#### ASSIGNED TASK
The entire listing, reproduced exactly and stripped of images, is the expected output.

[[ PROVIDED MATERIAL, beginning ]]

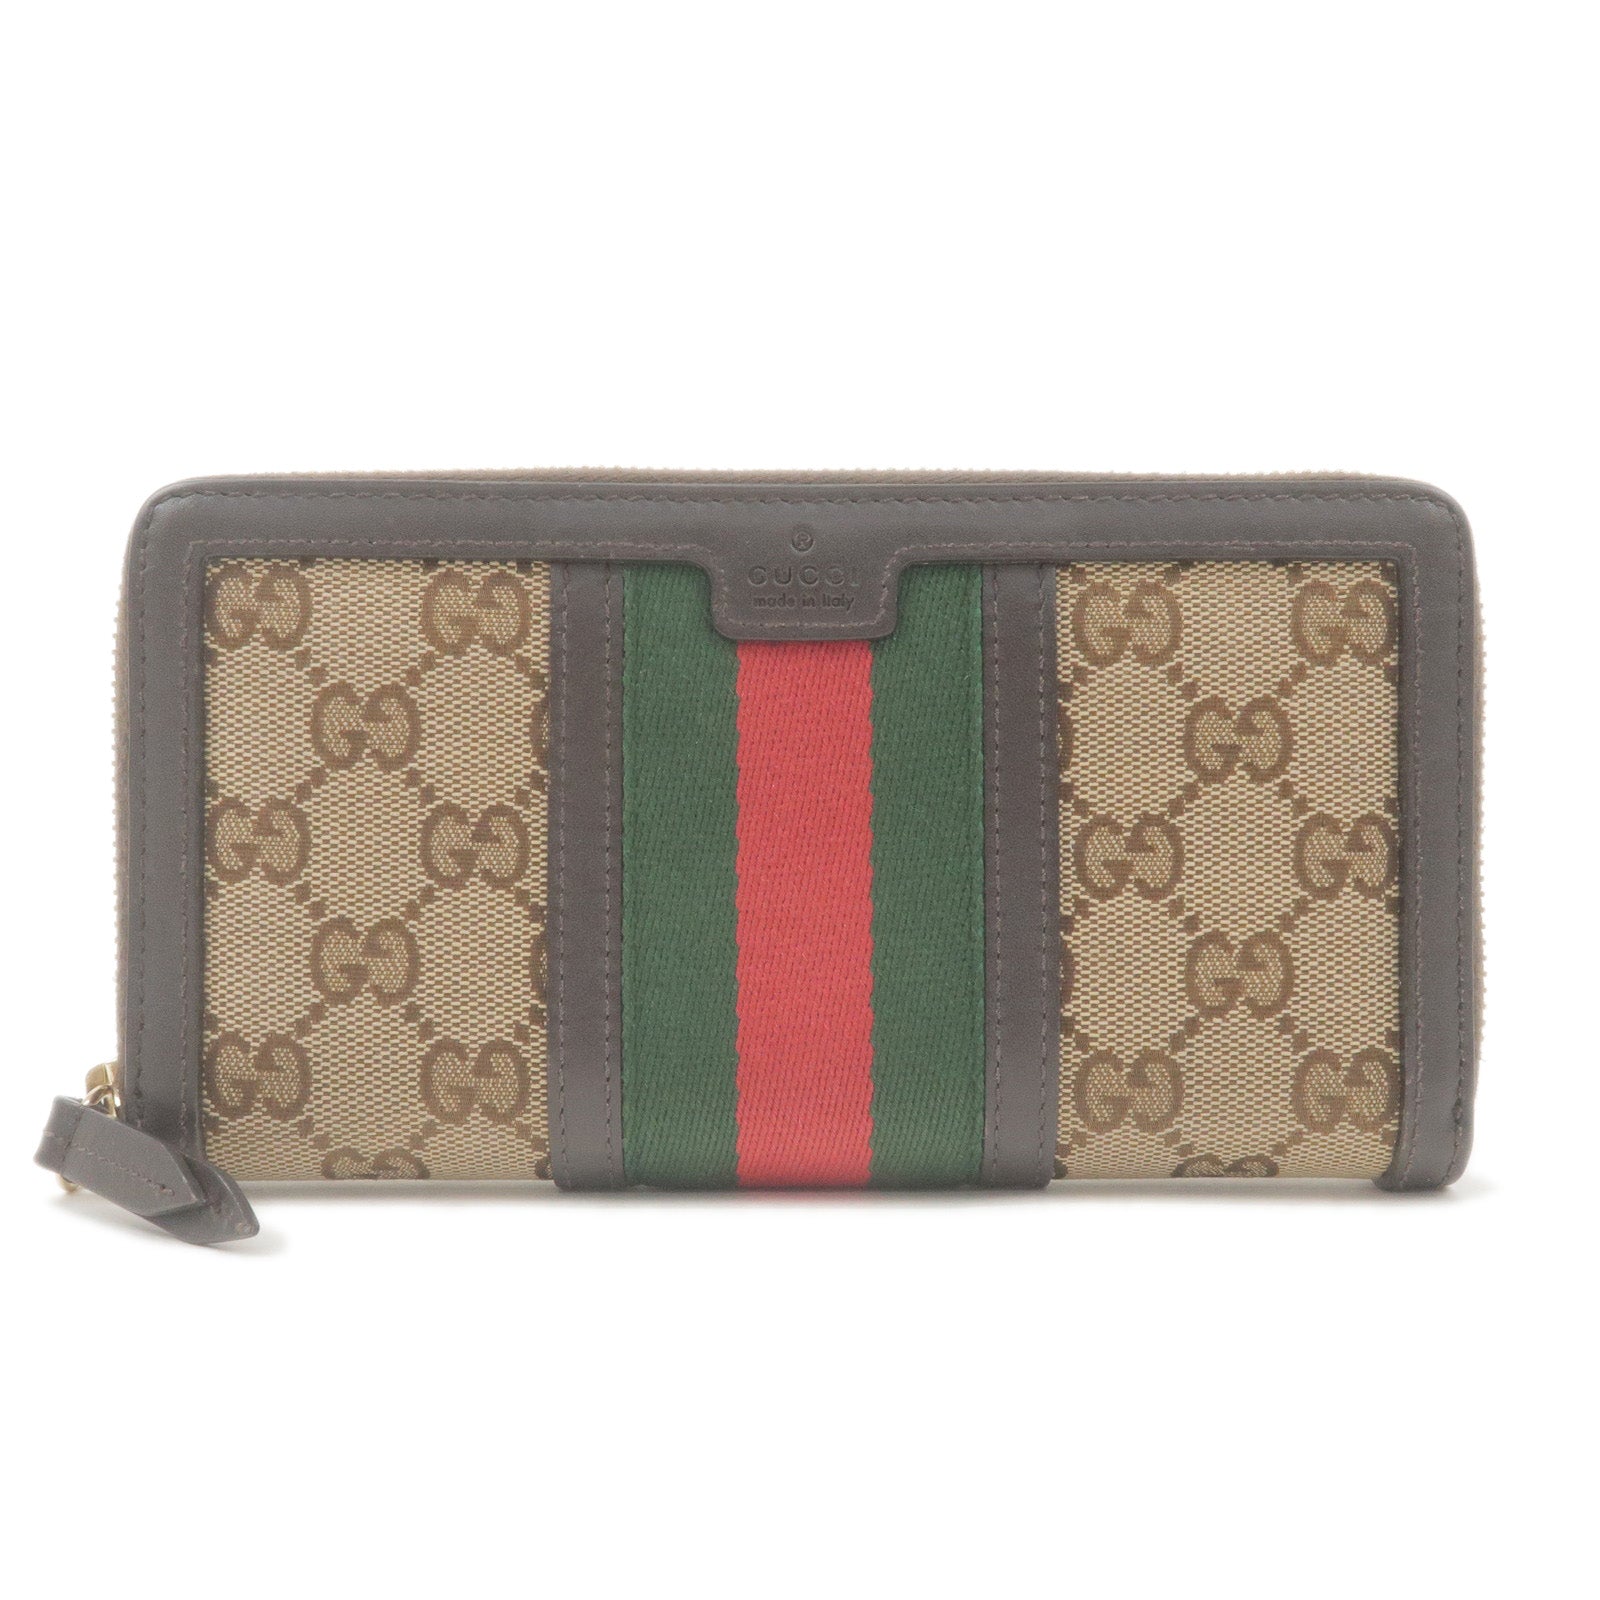 GUCCI-Sherry-GG-Canvas-Leather-Long-Wallet-Beige-Dark-Brown-406754
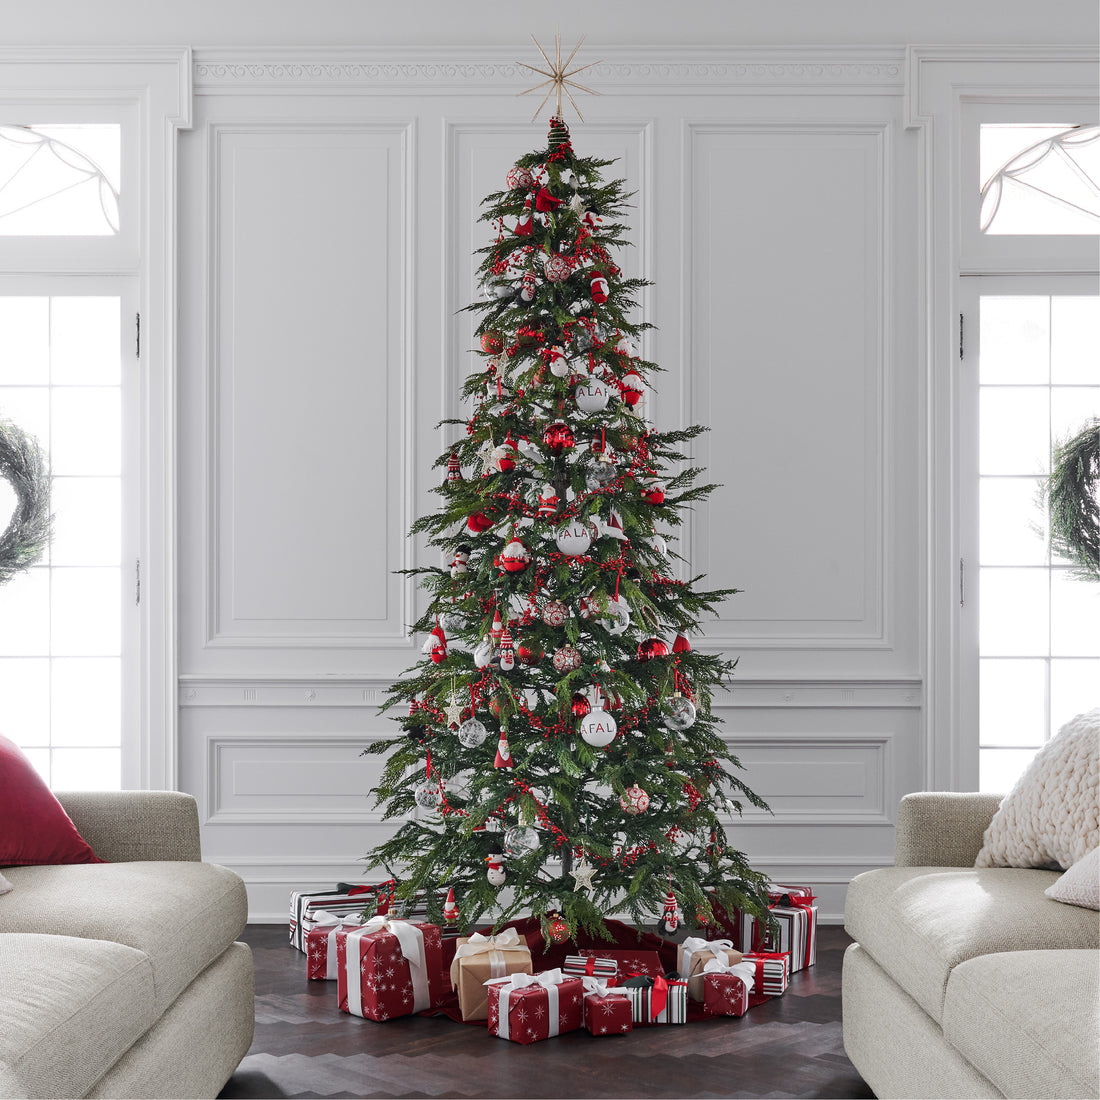 How to Decorate for the Holidays Using Ornaments
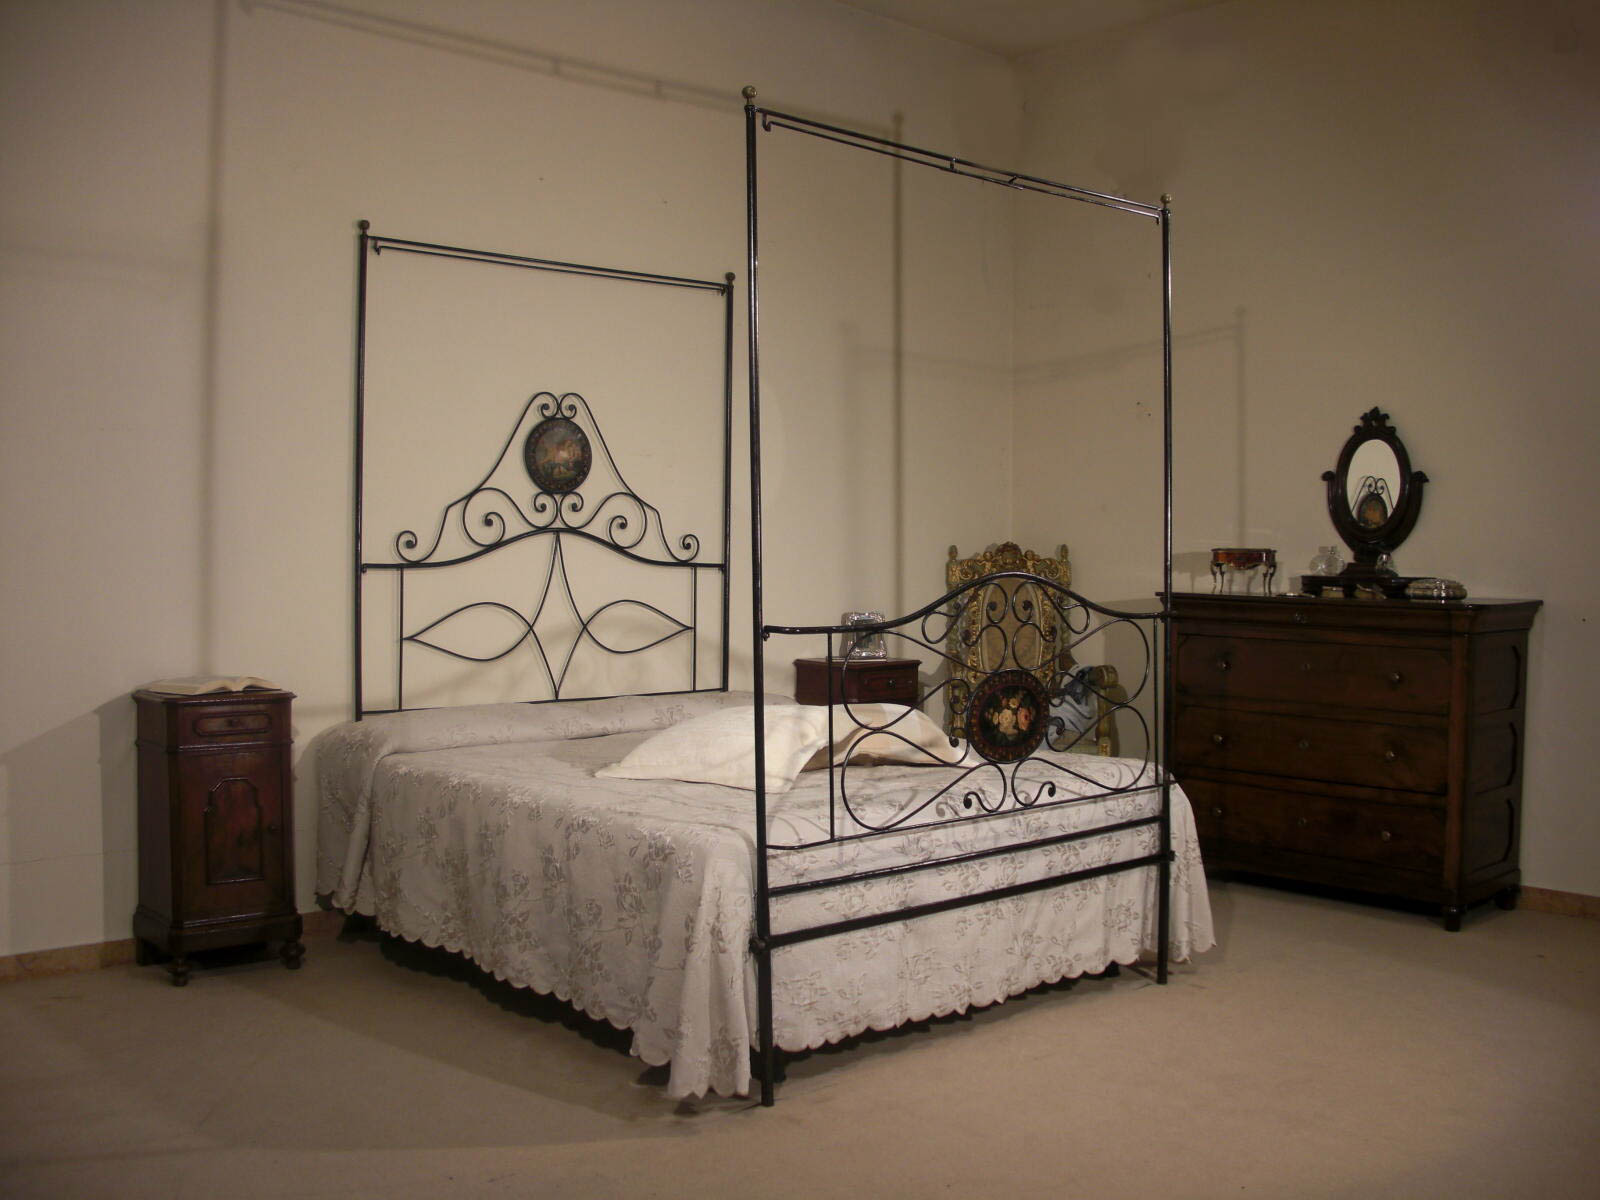 letto ferro baldacchino dipinto olio epoca 800 iron canopy bed painted in oil from the 19th century
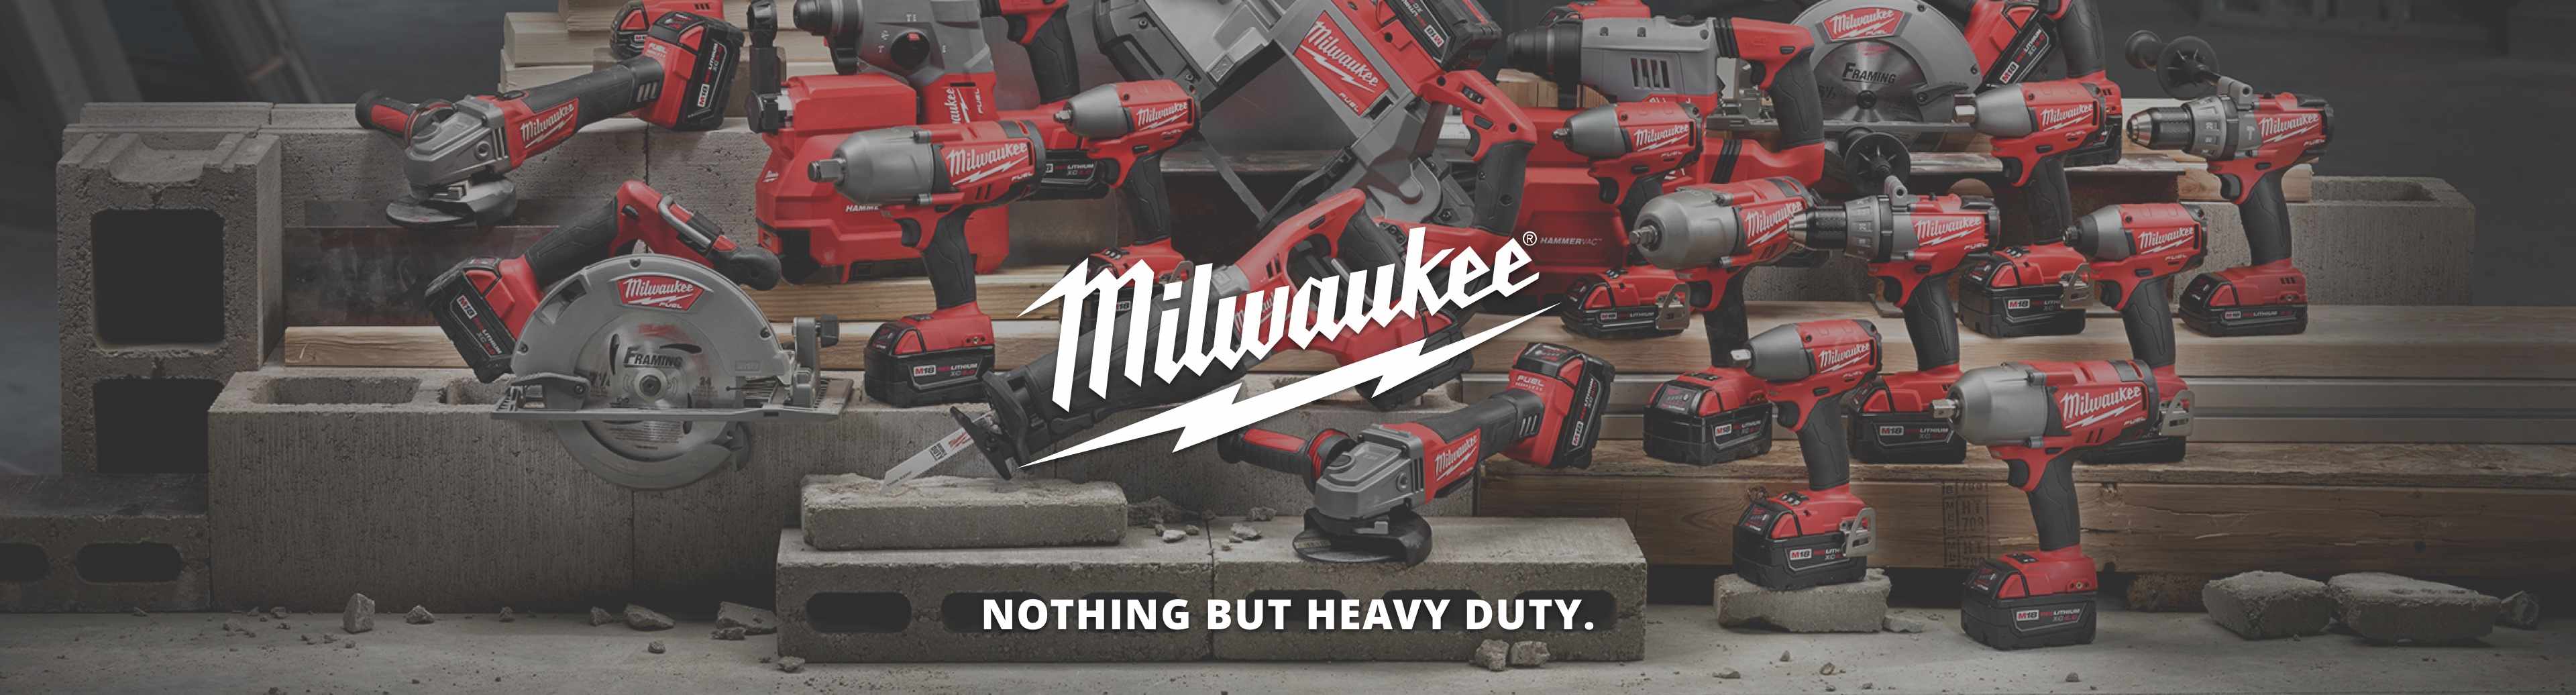 Milwaukee Power Tools with logo with tagline Nothing But Heavy Duty

[[ PROVIDED MATERIAL, end ]]

#### OUTPUT
 GUCCI-Sherry-GG-Canvas-Leather-Long-Wallet-Beige-Dark-Brown-406754
 How to Decorate for the Holidays Using Ornaments
 letto ferro baldacchino dipinto olio epoca 800 iron canopy bed painted in oil from the 19th century
 Milwaukee Power Tools with logo with tagline Nothing But Heavy Duty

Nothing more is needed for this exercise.